Social Security Reminder

Social Security Reminder

19 September 2006 · No Comments

Cato’s commentary today takes a shot at inaccuracy in political advertising on the issue of Social Security.

While politicians being inaccurate when trying to get elected is hardly anything new, there is one comment that bears repeating (over, and over, and over until someone gets the message):

Perhaps even more disturbing than the actual falsehoods is how the ads ignore Social Security’s looming financial crisis. Social Security will begin running a deficit in just 11 years. Of course, in theory, the Social Security Trust Fund will pay benefits until 2040. That’s not much comfort to today’s 33-year olds, who will face an automatic 26 percent cut in benefits unless the program is reformed before they retire. But even that figure is misleading, because the Trust Fund contains no actual assets. The government bonds it holds are simply a form of IOU, a measure of how much money the government owes the system. It says nothing about where the government will get the money to pay back those IOUs.

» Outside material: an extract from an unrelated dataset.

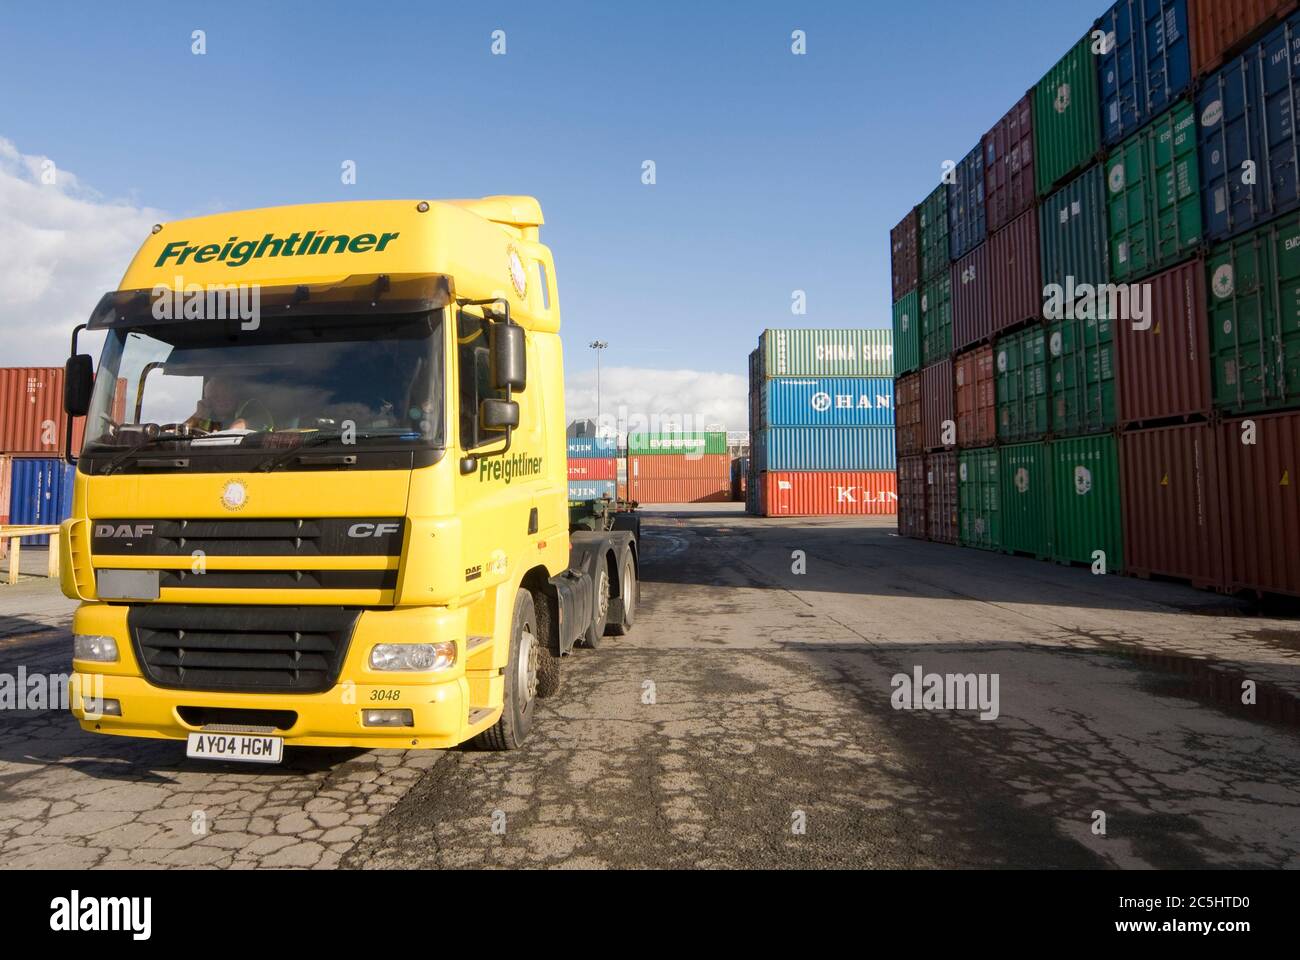 Freightliner lorry at Manchester Euroterminal, Trafford Park, Manchester, England. Stock Photo

Even if Congress can find a way to redeem the bonds, the Trust Fund surplus will be completely exhausted by 2040. Then, Social Security will have to rely solely on revenue from the payroll tax — and that revenue will not be sufficient to pay all promised benefits. Overall, the system’s unfunded liabilities — the amount it has promised beyond what it can actually pay — now total $15.3 trillion. Yes, that’s trillion with a “T.” Setting aside some technical changes in how future obligations are calculated, that’s $550 billion worse than last year. By failing to act last year, Congress handed our children and grandchildren a bill for another $550 billion.[...]

It is perfectly reasonable to disagree with various Social Security reform proposals, including personal accounts. But Social Security is too important to be left to demagoguery. At a minimum, we should expect the truth about the choices we face.